Illovo Sugar Malawi Limited says it has now liberalized local sugar distribution and is now allowing anyone interested to participate in the selling of the product.
The company said the public is free to purchase sugar for wholesale or retail purposes without any restrictions or the need for a licence but said interests person would be required to register with the company so that they open an account with the company for business transactions.
“Once this simple process has been fulfilled, you will be required to purchase sugar based on a minimum order of one metric tonne.
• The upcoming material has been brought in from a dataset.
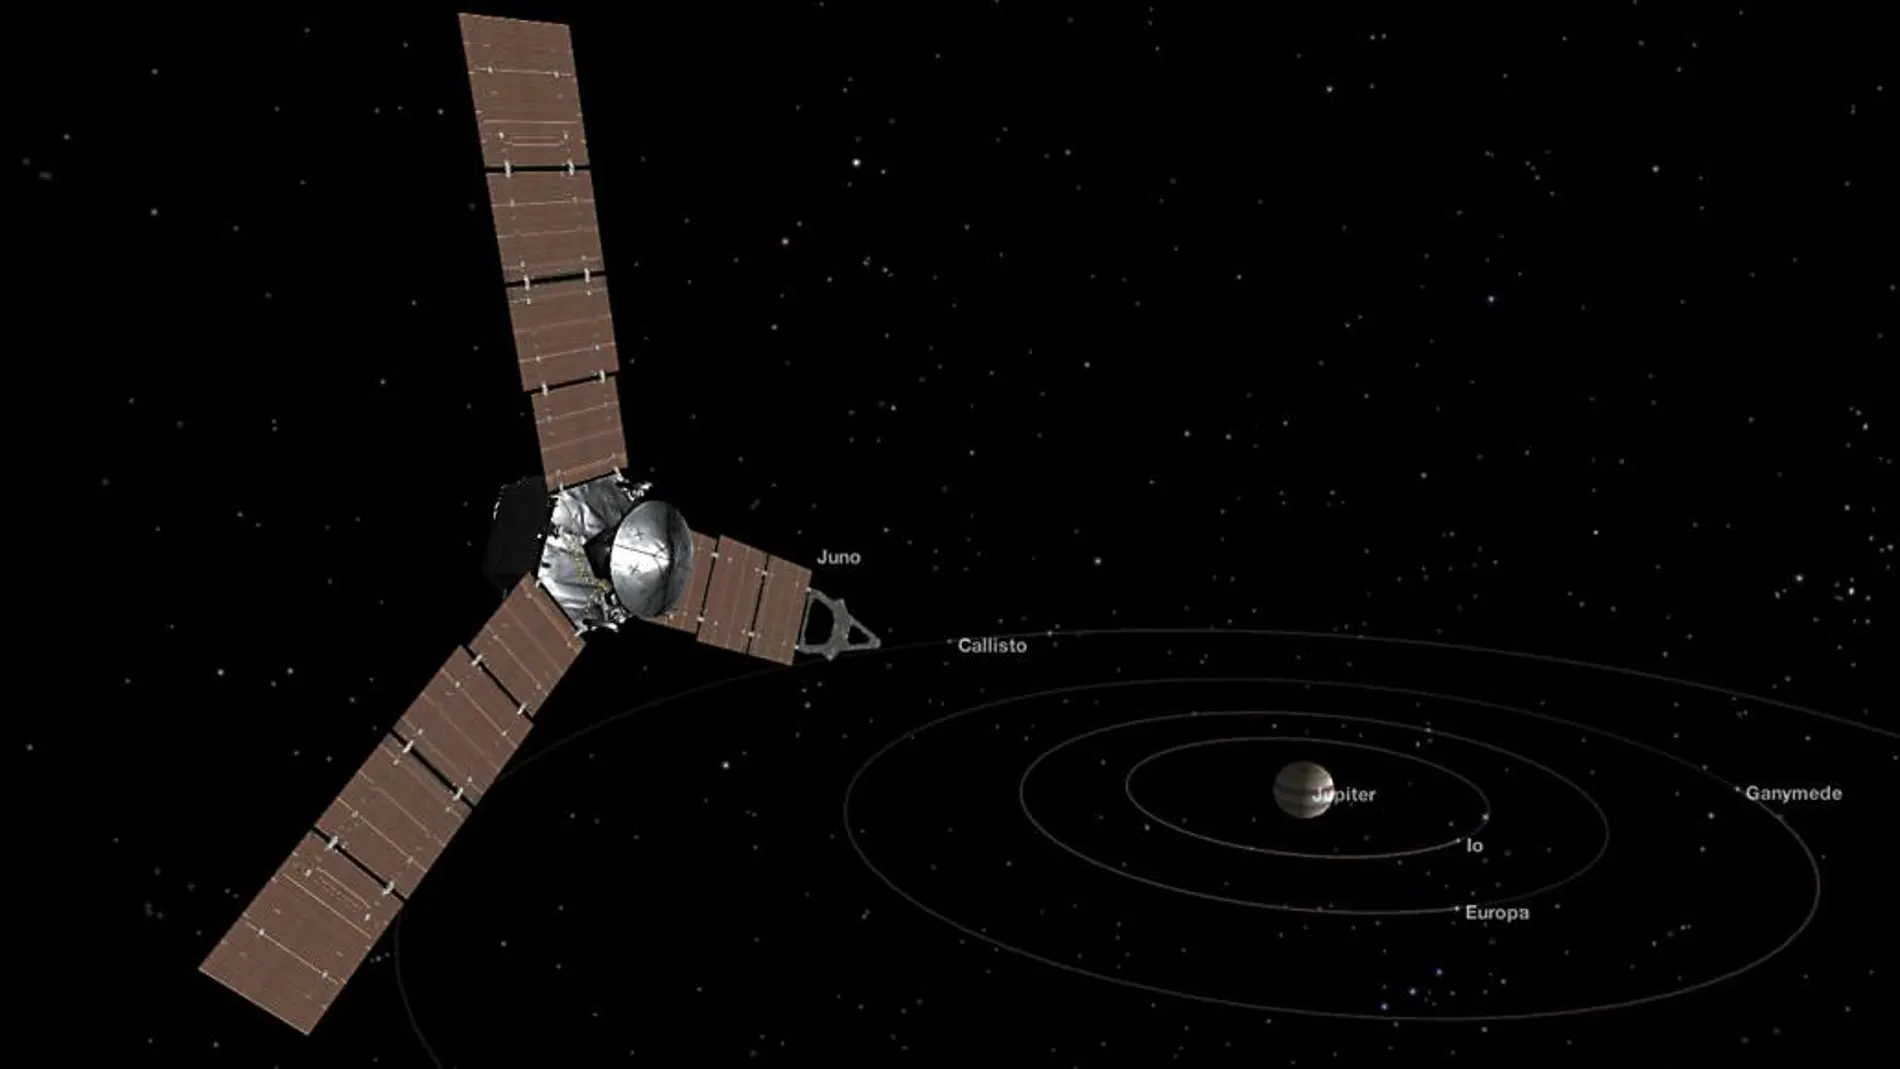 La sonda Juno llega el lunes a la órbita de Júpiter tras cinco años de misión

This is different from the past when appointed sugar distributors were awarded quotas to sell sugar in a specific location within a specified period,” the company said in a statement seen by Nyasa Times.
The company further said it subsidizes the cost of sugar transportation by taking responsibility of primary distribution from the Mills to distribution centres.
“The company wishes to advise that sugar is available for collection from its distribution centres in Limbe, Balaka, Lilongwe, Mzuzu and Karonga and from its Mill warehouses in Nchalo and Dwangwa,” it said.
However, following complaints from other businesspersons in Karonga district that Bishop Abraham Simama’s monopoly on the sugar business was stifling other businesspersons, the Malawi Competitions Commission launched an intensive investigation and validated the allegations.
“It was established that small scale sugar wholesalers (in Karonga) are blocked by Simama General Dealers to buy Sugar directly from Illovo through various tricks including non disclosure of information to other wholesalers about procedures for paying for sugar orders and in some cases provision of false information about sugar non availability at the distribution centre,” the Commission said in a statement.
The Commission further established that because of this, small-scale sugar wholesalers are forced to buy sugar from Simama General Dealers or Pezani General Dealers (an affiliate of Simama General Dealers) at a price higher than ex-factory price.
“Consequently, the wholesalers sell to retailers at a price higher. Consumers therefore end up buying sugar at a price higher than the normal market price,” reads the statement in part.